Sir Antony Richard Pilkington (20 June 1935 – 22 September 2000) was the fifth generation and last family member to chair the Pilkington group.

==Business career==
He succeeded distant cousin Sir Alastair Pilkington as chairman in 1980 and served until 1995, having joined the board in 1973 when his second cousin once removed Baron Pilkington retired as chairman. He wanted Pilkington’s to be a “good company in the best sense,” as he told one interviewer in 1990, “not just a money machine”.

He was knighted in 1990.

==Family==
Son of Major Arthur Cope Pilkington, he attended Ampleforth College and went on to spend his National service in the Coldstream Guards.

He married Alice Kirsty Dundas, daughter of Major Sir Thomas Calderwood Dundas of Arniston (7th baronet) and Isobel Goring, on 15 December 1960. They had four children:

- Jerome Antony Simon Pilkington b. 17 Sep 1961
- David Christopher Pilkington b. 4 Dec 1963
- Miranda Kirsty Pilkington b. 20 Sep 1966
- Simon Benedict Pilkington b. 9 Dec 1972

==The World of Glass==
He was known as a great supporter of the town that had made his family name (and fortune). As chairman of the World of Glass, he oversaw the plans for a new visitor centre in St Helens, combining the history of glass and of the town itself. The museum opened in March 2000, just six months before his death.
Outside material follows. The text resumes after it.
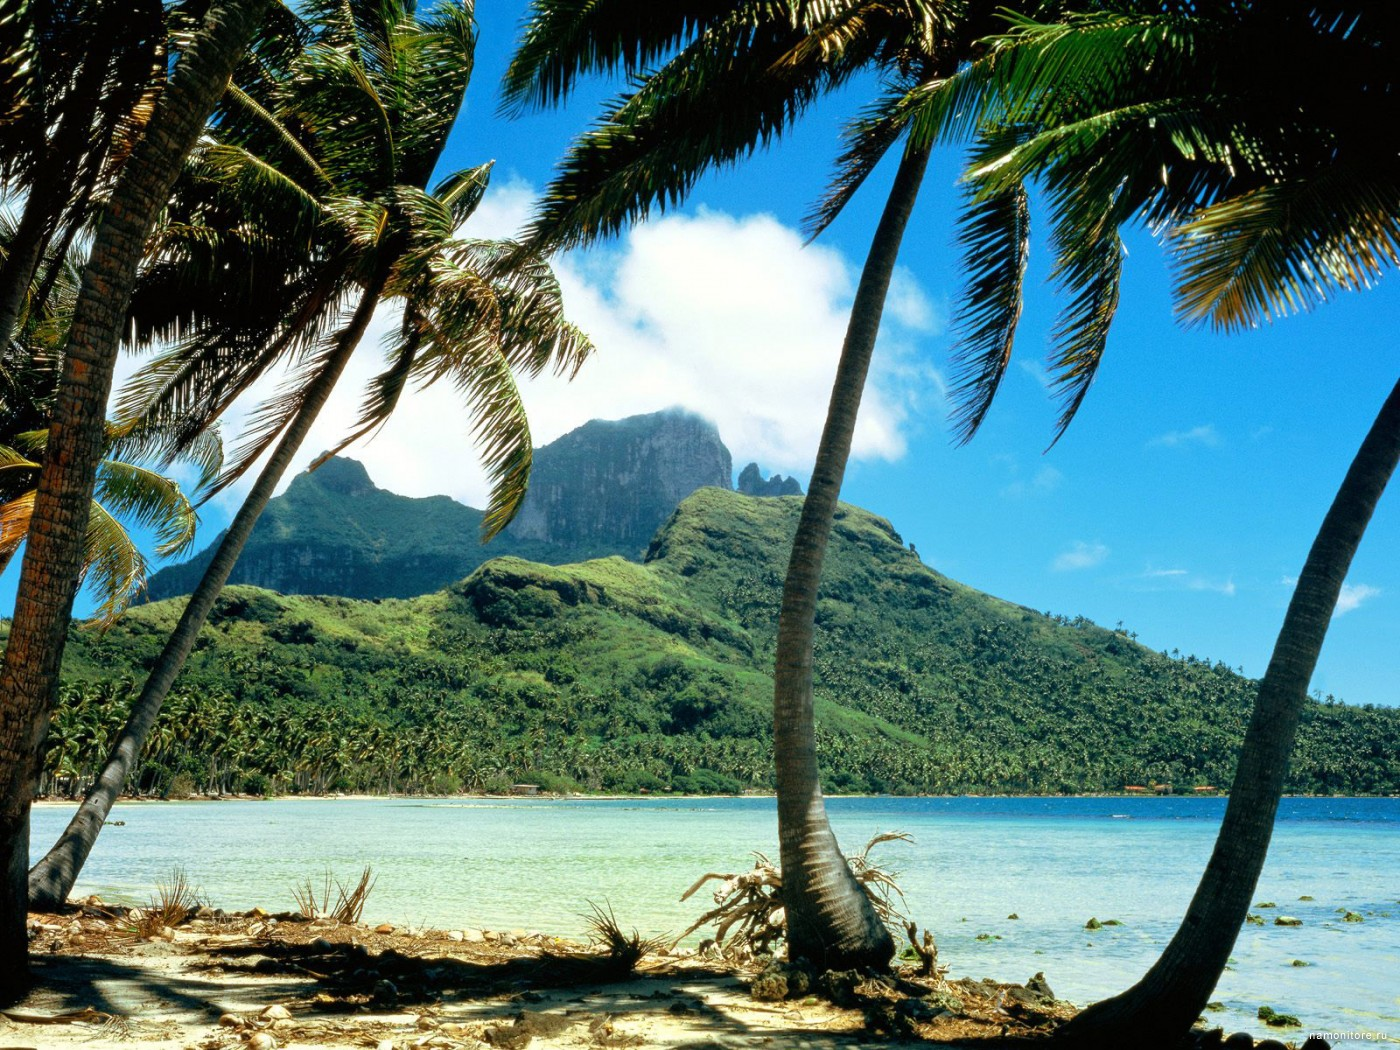 French Polynesia, an island Bora Bora, clipart, coast, island.
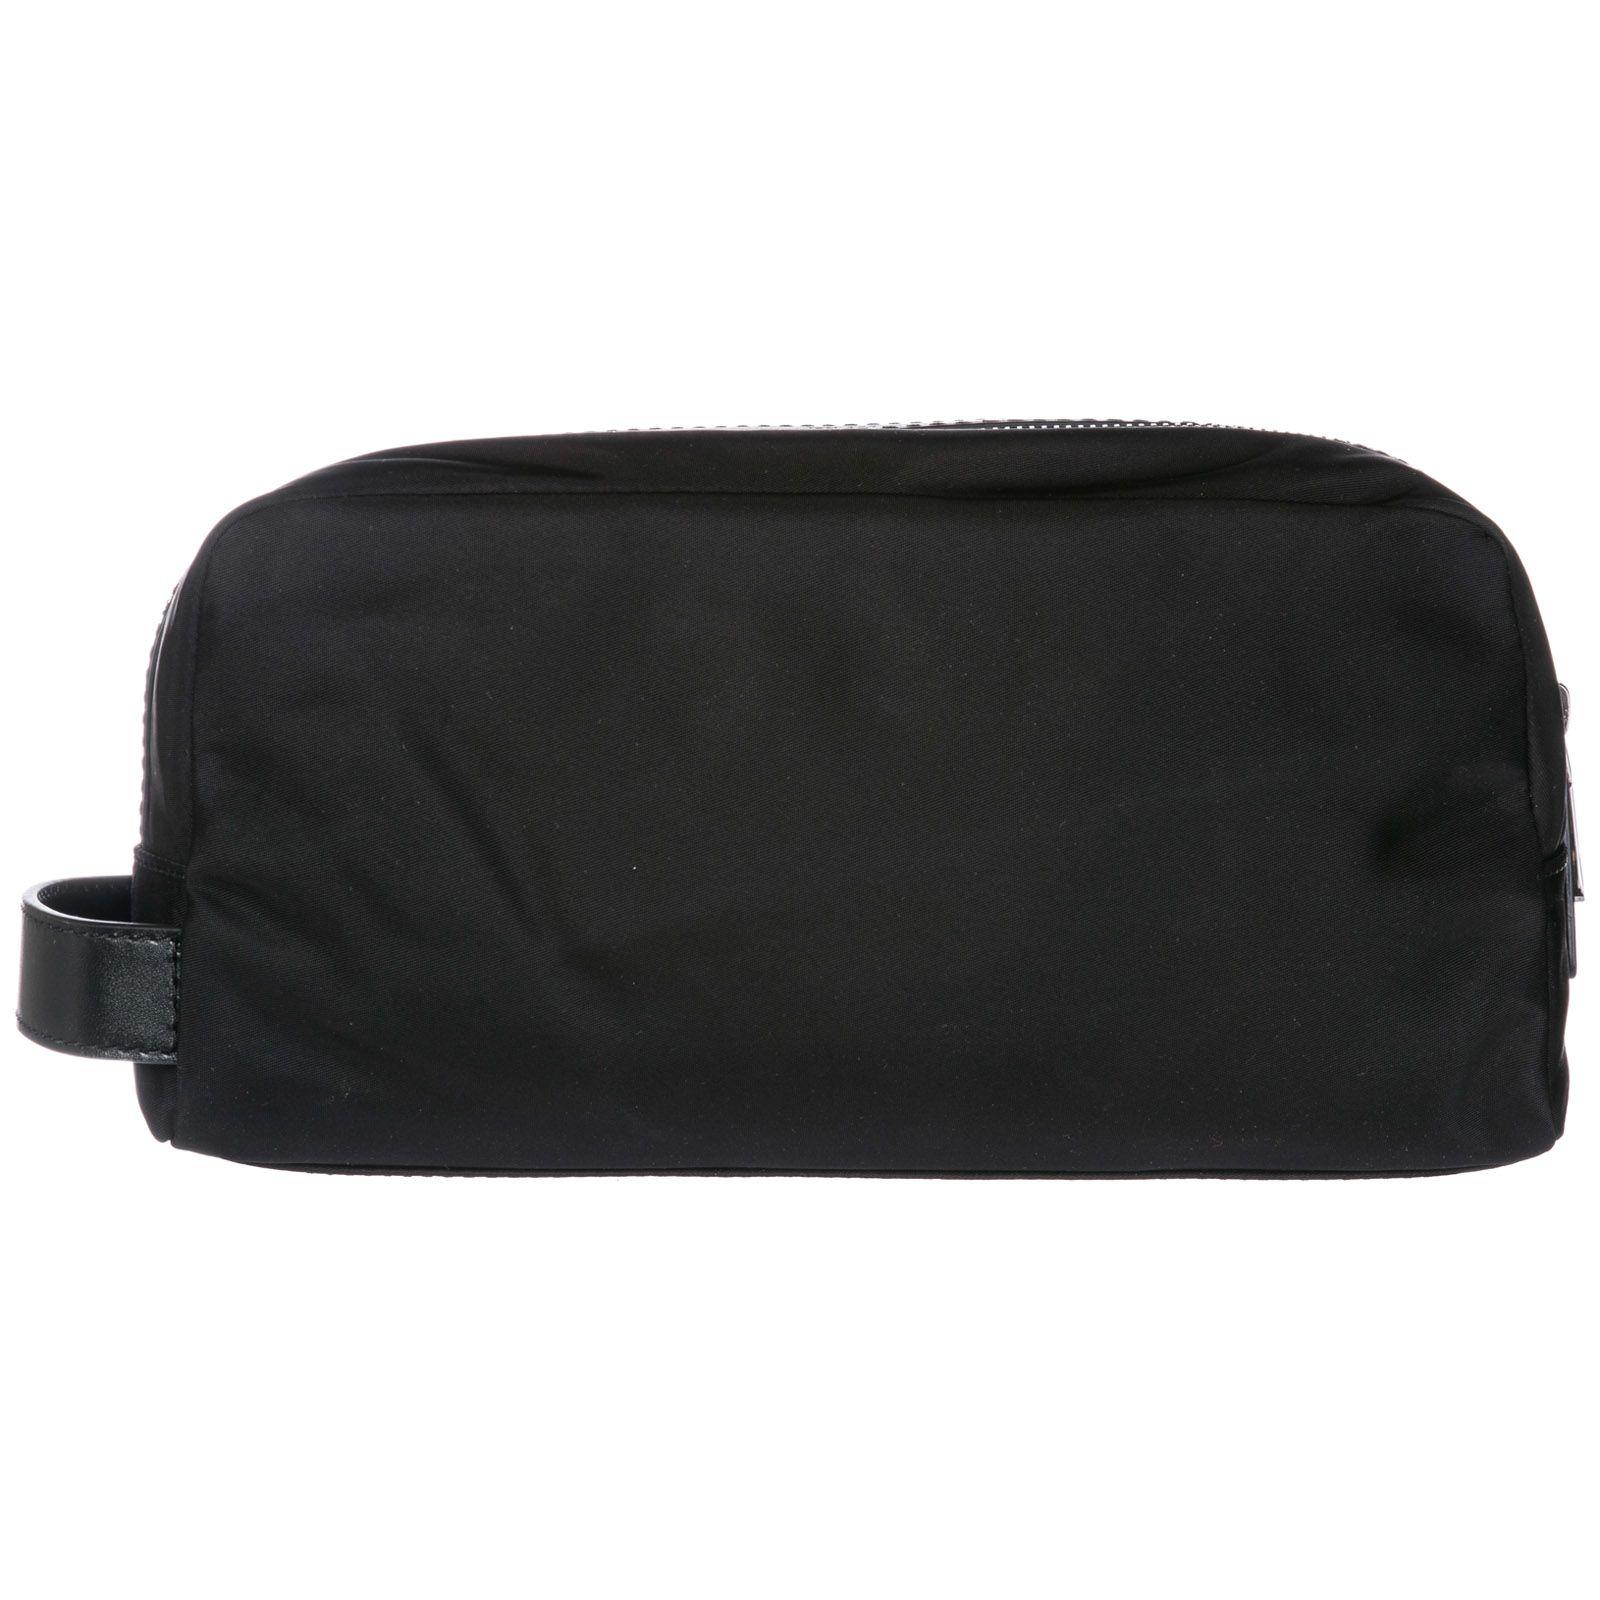 Michael Kors Travel Michael Kors  Travel Toiletries Beauty Case Wash Bag In Nylon Kent

At the official opening, he said:

”We always knew that the history of glass and St Helens part in the glass making industry was a great story to tell, but it was deciding on which was the best way to relate that story.

“Now we have got the story of the town's heritage and the important part it played in the glass making industry under one roof. It's taken nine years for The World of Glass to come to fruition but it's been well worth the effort.

"St Helens has got a lot to be proud of in its heritage and in this new centre."

==Tribute==
Commenting on the news of Pilkington’s death, a spokesperson for the firm of which he had been Chairman, said:

”Everyone at Pilkington is aware of the contribution Sir Antony made to the development of the company over such a long career. His role in the expansion of Pilkington globally was particularly significant."

His antique car collection (a passion shared with his uncle) was auctioned at the 2012 Goodwood Festival of Speed. The five cars offered (Lots 217-221) exceeded the 800,000GBP pre-auction estimate.

MP Sir Richard Pilkington was his uncle, with whom he shared a passion for cars.